Another significant challenge is physician relationships. Relationships between hospitals and physicians are governed by complicated laws at the state level as well as the even more complicated Stark, anti-kickback and tax laws at the federal level. In addition to the complexity, these laws are frequently counterintuitive as well. For example, senior citizen discounts are ubiquitous in this country, and I have never heard a moral objection to such discounts. However, if these discounts are routinely offered by a successful physician to her elderly Medicare patients, she is probably violating a law that carries criminal penalties. Similarly, a physician who agrees to treat a patient visit as an “office visit” rather than a “routine physical exam” so that his poor patient does not need to pay as much out of her own pocket is guilty of submitting a false claim, a violation that could carry substantial civil or criminal penalties. Another example: who would expect that the fact a hospital uses a local catering company owned by the spouse of a physician’s granddaughter would trigger the application of rules that would prevent the hospital from billing for services ordered by the physician? While clearly well intended, these laws add a great deal of cost to the healthcare delivery system.

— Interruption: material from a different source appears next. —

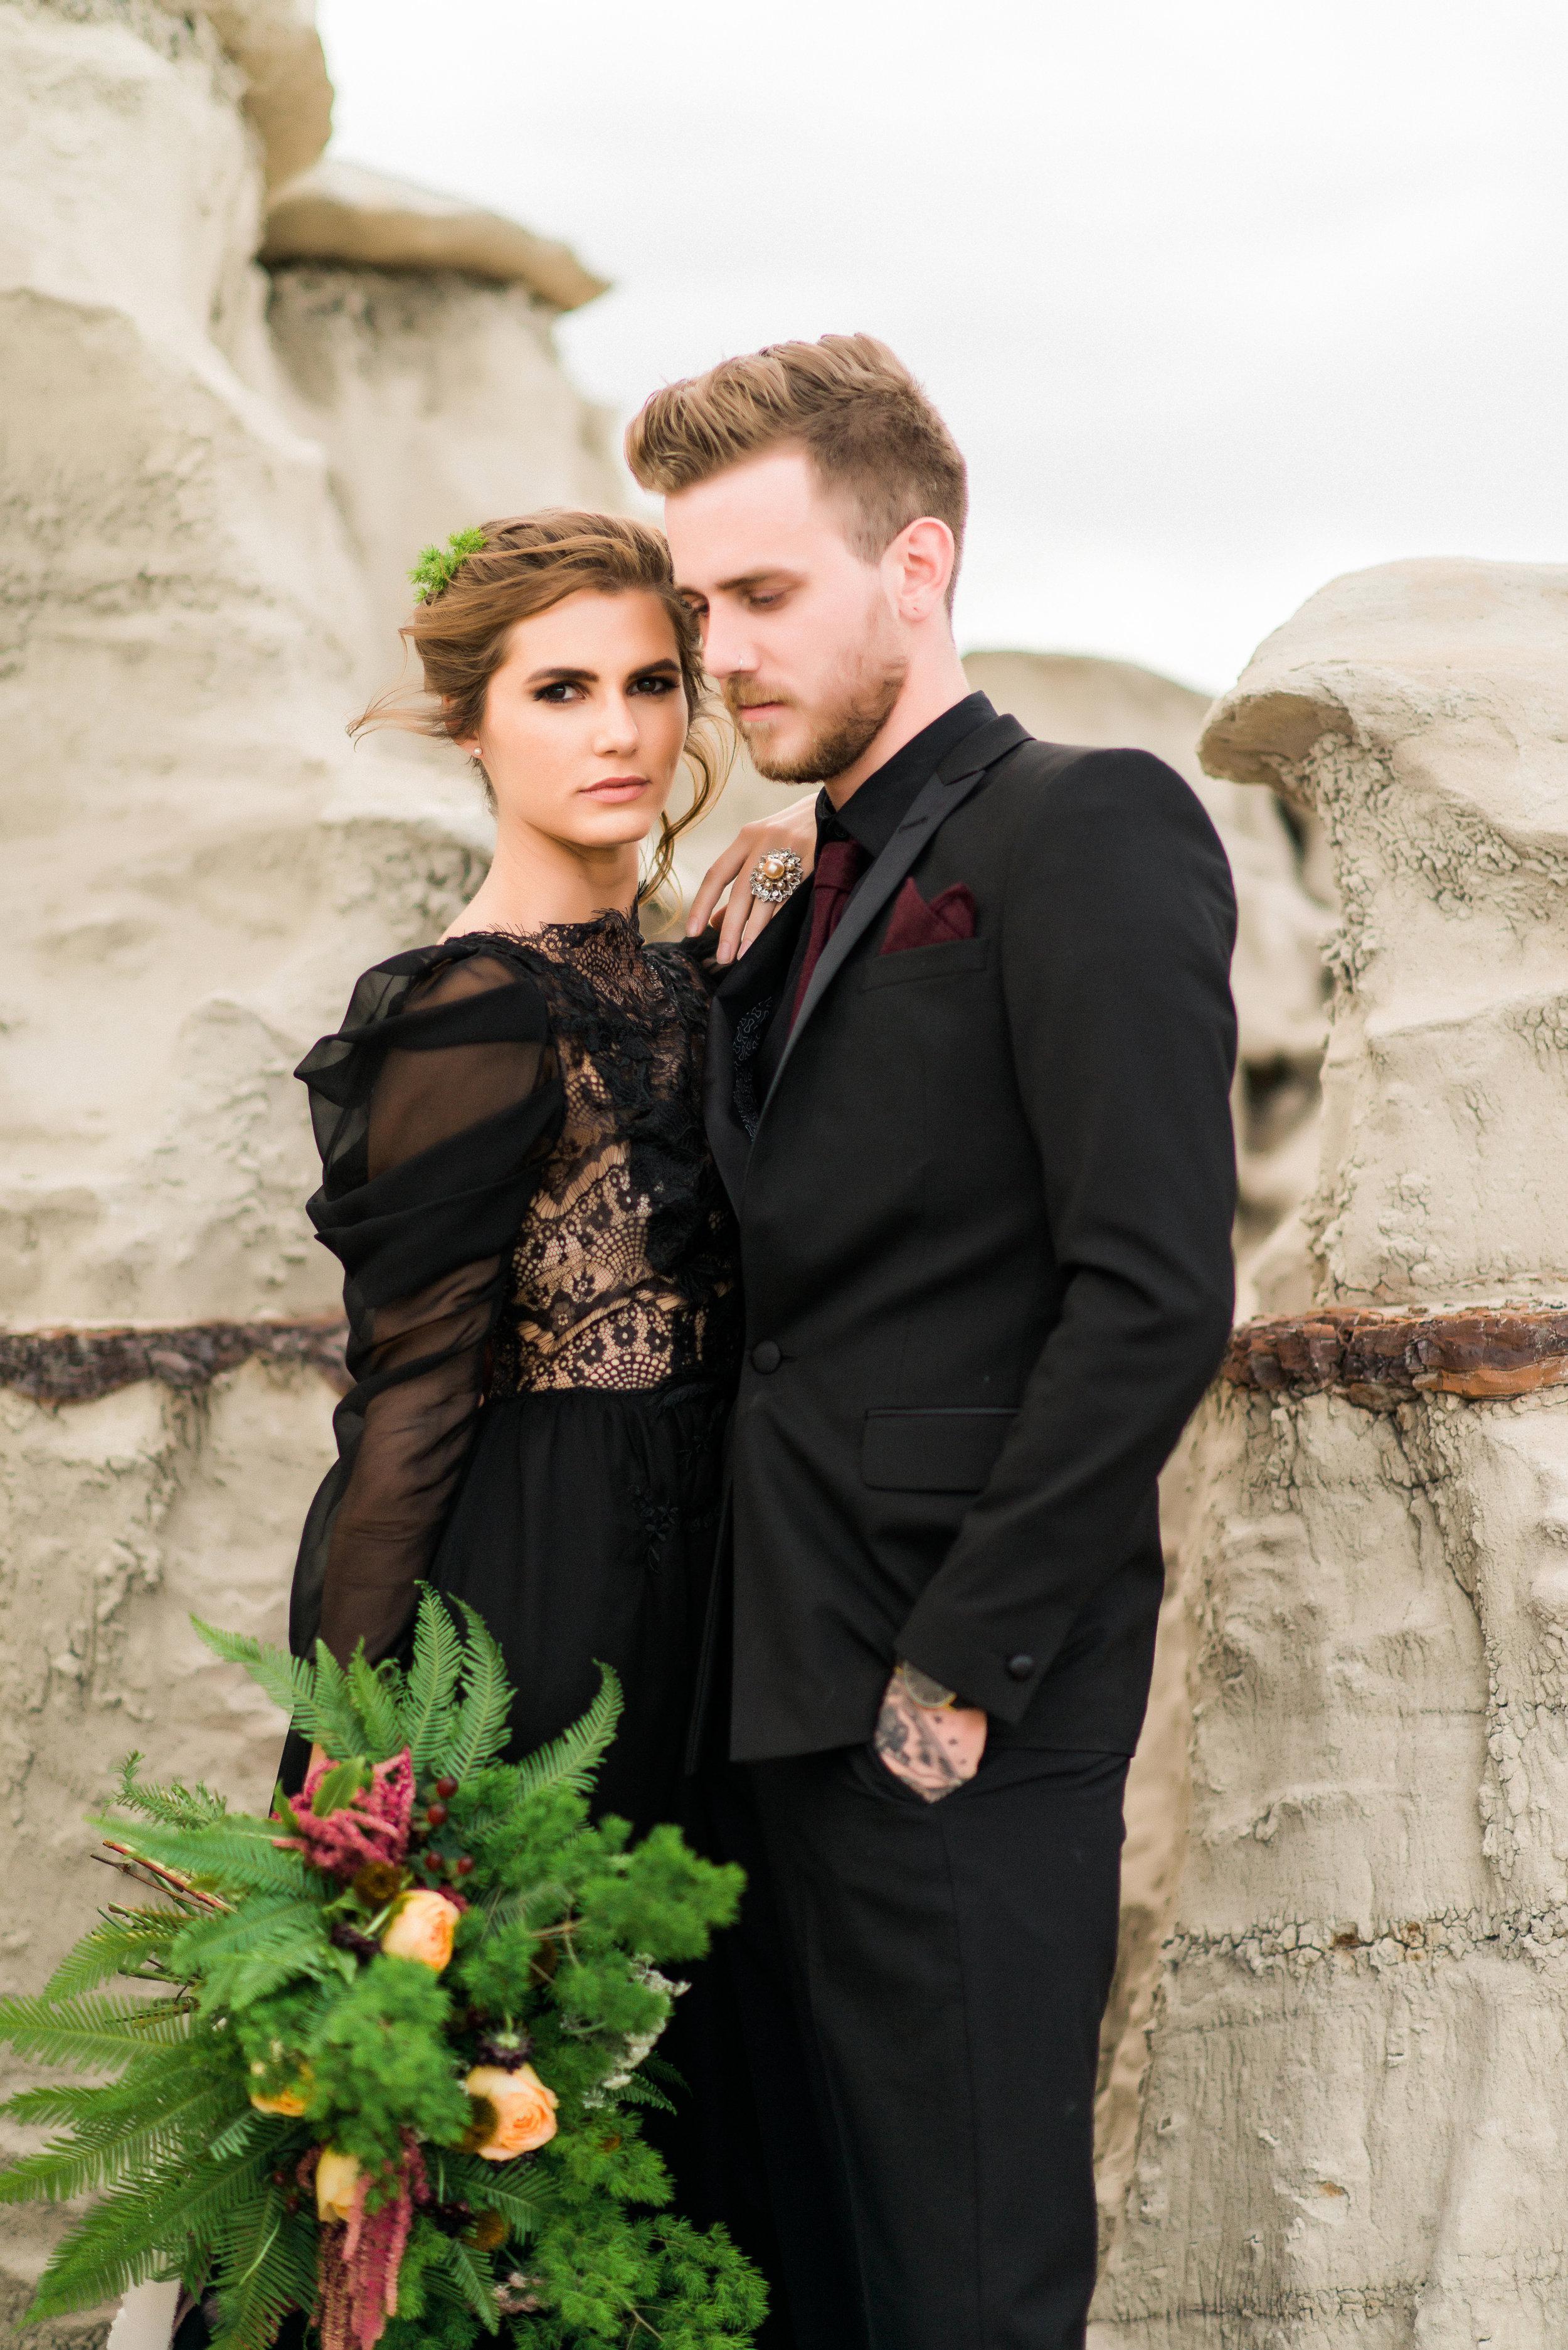 Romantisme Styled shoot  Bisti Badlands, NM

Finally, we can never ignore the fact that a major cause of non-compliance is simply bad (sloppy or, less frequently, intentional) behavior by employees. Boards, management and ethics & compliance officers need to get past the notion that they only have good employees. The data suggests that many employees, if given the opportunity and the motive, will do the wrong thing. Three-quarters of college students admit to cheating. Between half and two-thirds of graduate students cheat or believe that cheating is necessary to be successful. Half of resumes contain materially false information – and we could go on and on. Incredibly, I still hear “I would never have suspected Bernie” when it turns out Bernie stole from us. If we haven’t learned by now that the only people who can rip us off are those we trust, we probably are not management material. Succumbing to the temptation to cheat or steal is more likely when you have management that is arbitrary or believes the rules only apply to others, when we have significant weaknesses in our control processes, when we apply unreasonable pressure to meet targets or create targets that also create an incentive to cheat, when we fail to align incentives, or when we fail to recognize that problems outside of work (mortgage problems, spouse job loss, high credit card debt, compulsive gambling) can also cause bad behavior.